Multispectral airborne laser scanning for tree species classification: a benchmark of machine learning and deep learning algorithms

Josef Taher,Eric Hyyppä,Matti Hyyppä,Klaara Salolahti,Xiaowei Yu,Leena Matikainen,Antero Kukko,Matti Lehtomäki,Harri Kaartinen,Sopitta Thurachen,Paula Litkey,Ville Luoma,Markus Holopainen,Gefei Kong,Hongchao Fan,Petri Rönnholm,Matti Vaaja,Antti Polvivaara,Samuli Junttila,Mikko Vastaranta,Stefano Puliti,Rasmus Astrup,Joel Kostensalo,Mari Myllymäki,Maksymilian Kulicki,Krzysztof Stereńczak,Raul de Paula Pires,Ruben Valbuena,Juan Pedro Carbonell-Rivera,Jesús Torralba,Yi-Chen Chen,Lukas Winiwarter,Markus Hollaus,Gottfried Mandlburger,Narges Takhtkeshha,Fabio Remondino,Maciej Lisiewicz,Bartłomiej Kraszewski,Xinlian Liang,Jianchang Chen,Eero Ahokas,Kirsi Karila,Eugeniu Vezeteu,Petri Manninen,Roope Näsi,Heikki Hyyti,Siiri Pyykkönen,Peilun Hu,Juha Hyyppä

Climate-smart and biodiversity-preserving forestry demands precise information on forest resources, extending to the individual tree level. Multispectral airborne laser scanning (ALS) has shown promise in automated point cloud processing, but challenges remain in leveraging deep learning techniques and identifying rare tree species in class-imbalanced datasets.

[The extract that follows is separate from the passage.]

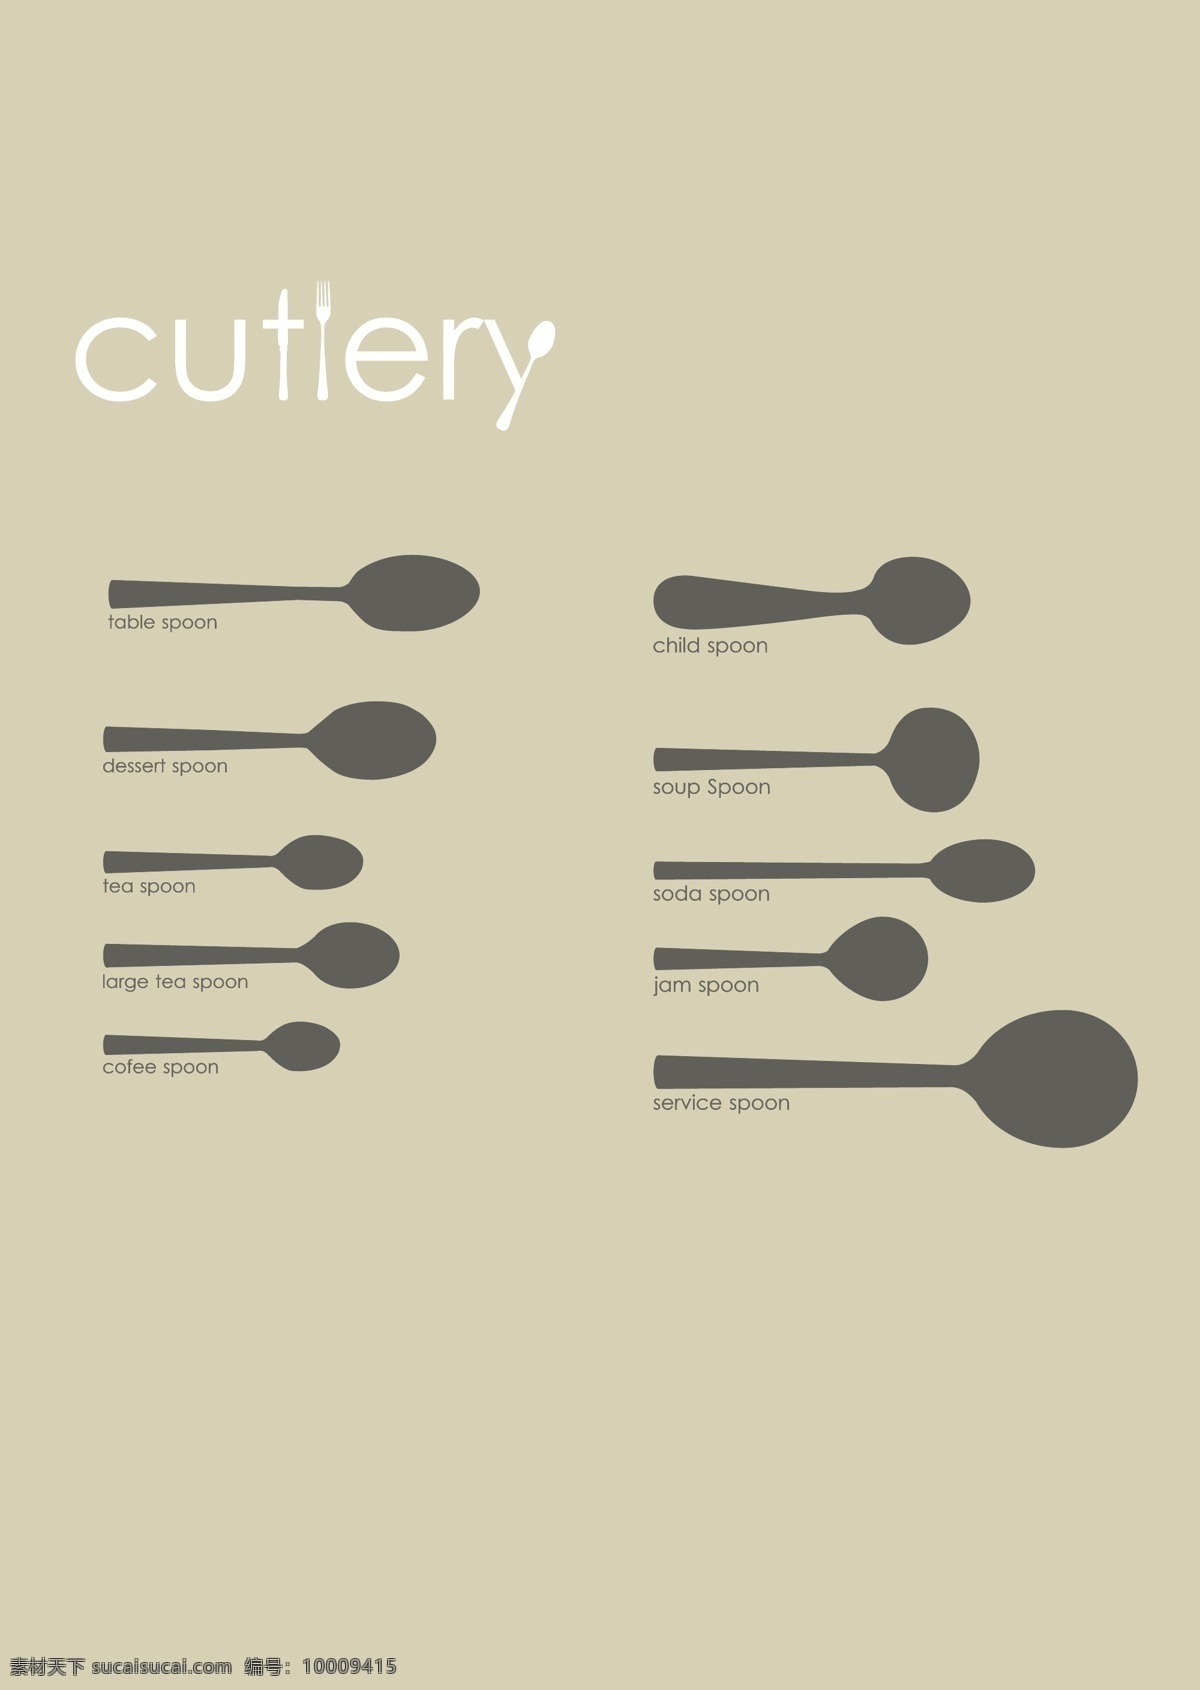 西餐 勺子 分类 剪影 图标 西式 汤勺 甜品勺 茶勺 咖啡勺 儿童勺 沙拉勺 果酱勺 公勺 服务勺 勺子图标

This study addresses these gaps by conducting a comprehensive benchmark of deep learning and traditional shallow machine learning methods for tree species classification. For the study, we collected high-density multispectral ALS data ($>1000$ $\mathrm{pts}/\mathrm{m}^2$) at three wavelengths using the FGI-developed HeliALS system, complemented by existing Optech Titan data (35 $\mathrm{pts}/\mathrm{m}^2$), to evaluate the species classification accuracy of various algorithms in a peri-urban study area located in southern Finland. We established a field reference dataset of 6326 segments across nine species using a newly developed browser-based crowdsourcing tool, which facilitated efficient data annotation. The ALS data, including a training dataset of 1065 segments, was shared with the scientific community to foster collaborative research and diverse algorithmic contributions. Based on 5261 test segments, our findings demonstrate that point-based deep learning methods, particularly a point transformer model, outperformed traditional machine learning and image-based deep learning approaches on high-density multispectral point clouds. For the high-density ALS dataset, a point transformer model provided the best performance reaching an overall (macro-average) accuracy of 87.9% (74.5%) with a training set of 1065 segments and 92.0% (85.1%) with a larger training set of 5000 segments.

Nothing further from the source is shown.